Important compiler-related files include:

```text id="jwz8yn"
Python/compile.c
Python/symtable.c
Python/ast.c
Python/ast_opt.c
Python/flowgraph.c
Python/assemble.c
Include/cpython/code.h
Lib/dis.py
Lib/test/test_compile.py
Lib/test/test_dis.py
```

Conceptual roles:

| Area           | Role                               |
| -------------- | ---------------------------------- |
| `symtable.c`   | Scope classification               |
| `compile.c`    | AST-to-instruction compilation     |
| `flowgraph.c`  | Control-flow graph handling        |
| `assemble.c`   | Final bytecode assembly            |
| `code.h`       | Code object definitions            |
| `dis.py`       | Bytecode inspection                |
| compiler tests | Behavior and regression protection |

The exact file organization can shift across versions, but the conceptual pipeline remains stable.
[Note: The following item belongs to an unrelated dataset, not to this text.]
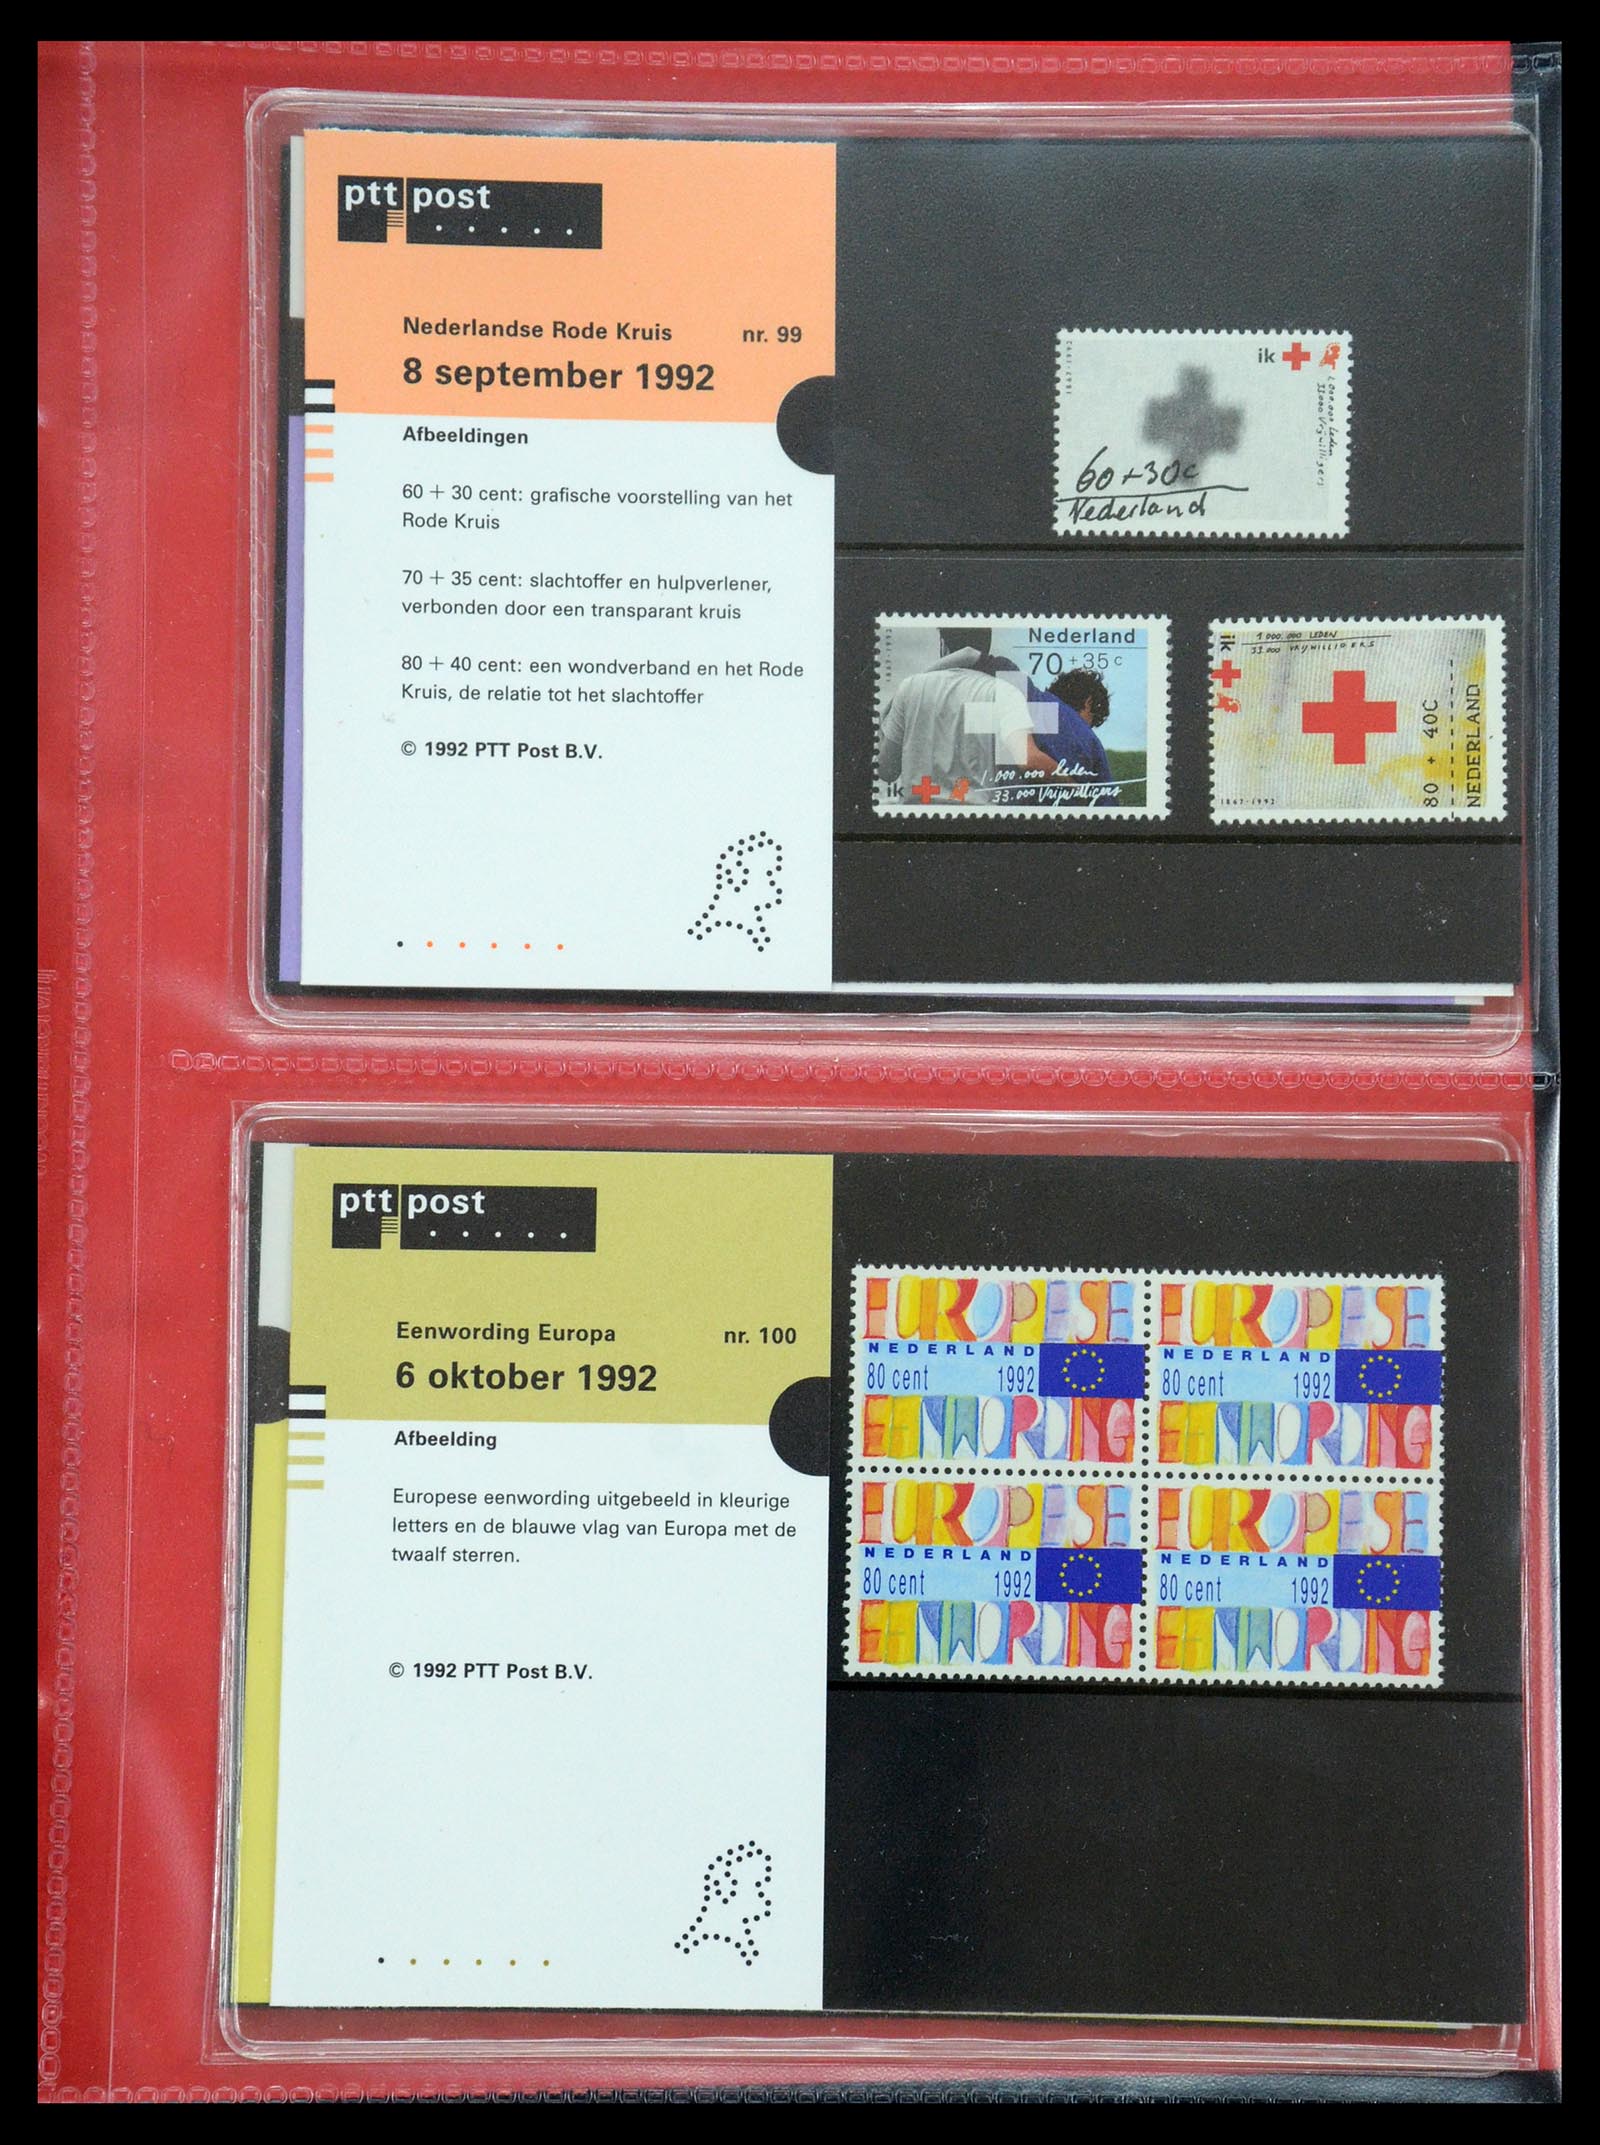 35692 051 - Stamp Collection 35692 Netherlands presentation packs 1982-2021!!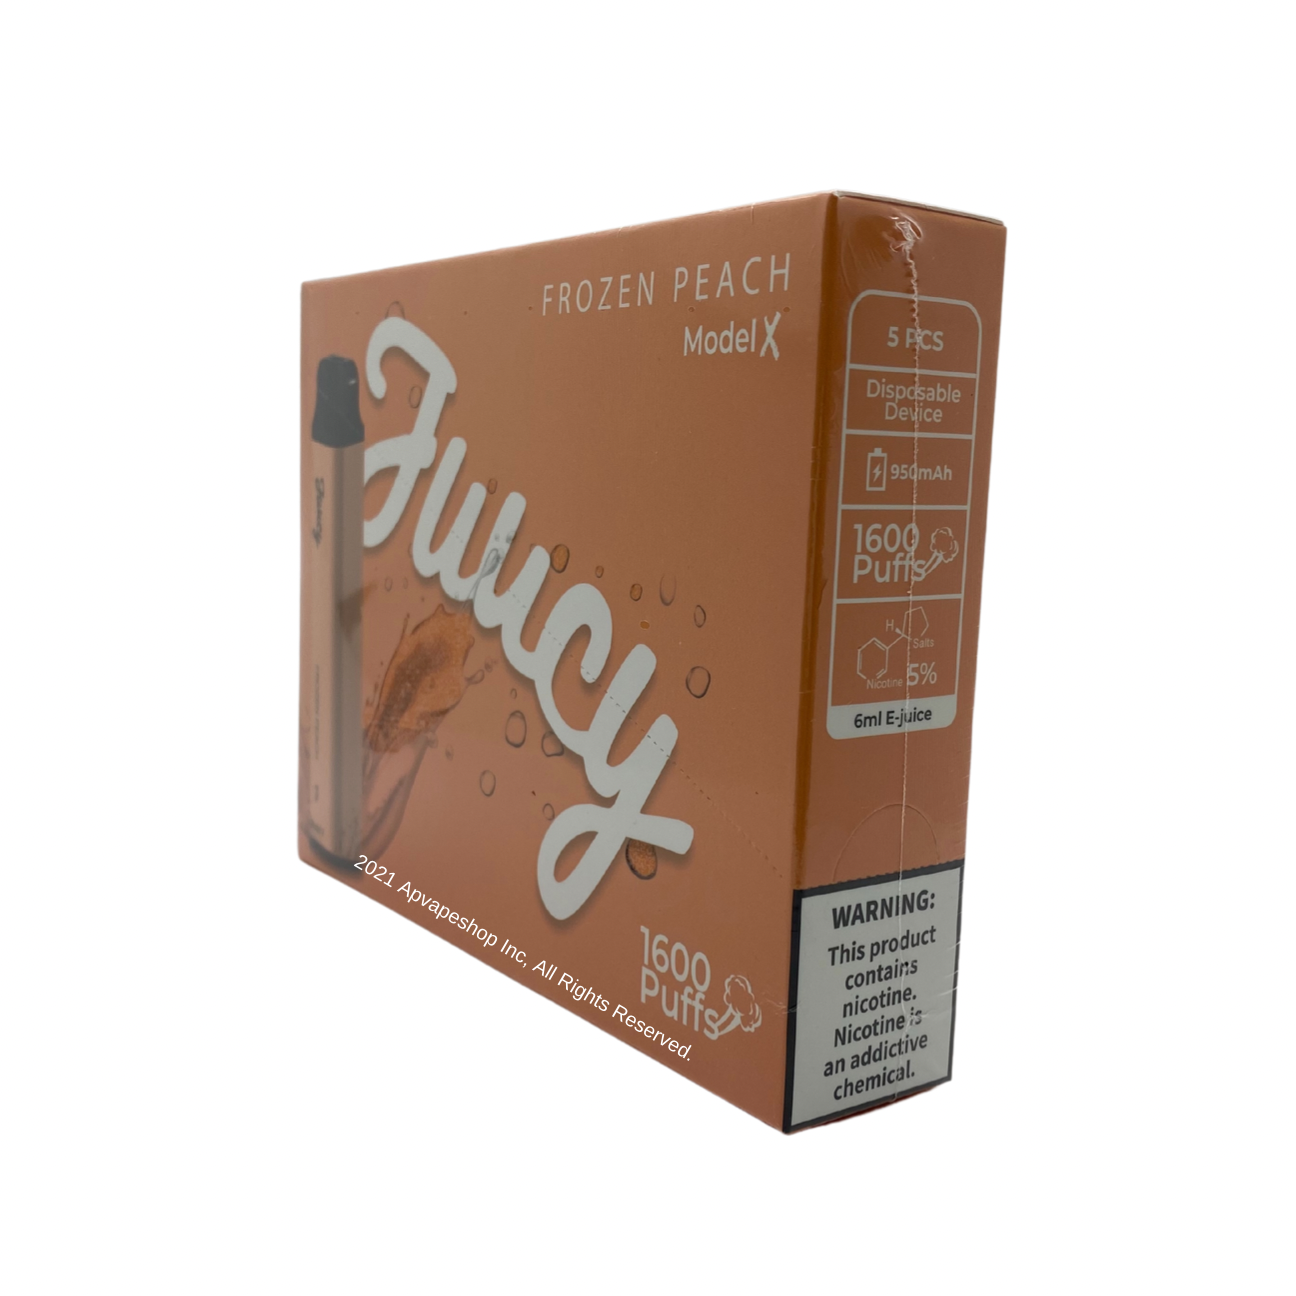 JUUCY Model X 1600 Puffs Disposable Vape Frozen Peach

## 22.30 Minimal Mental Model

Use this model:

```text id="ti9m3l"
The AST gives syntax.
The symbol table gives scope.
The compiler walks the AST and emits bytecode instructions.
Nested executable constructs produce nested code objects.
Control flow becomes jumps and exception tables.
Names become local, global, or closure bytecode.
Constants and names are stored in code object tables.
Assembly resolves labels, jumps, stack size, and metadata.
The result is an immutable code object ready for execution.
```

Compiler passes are where CPython turns syntax and scope into executable instructions.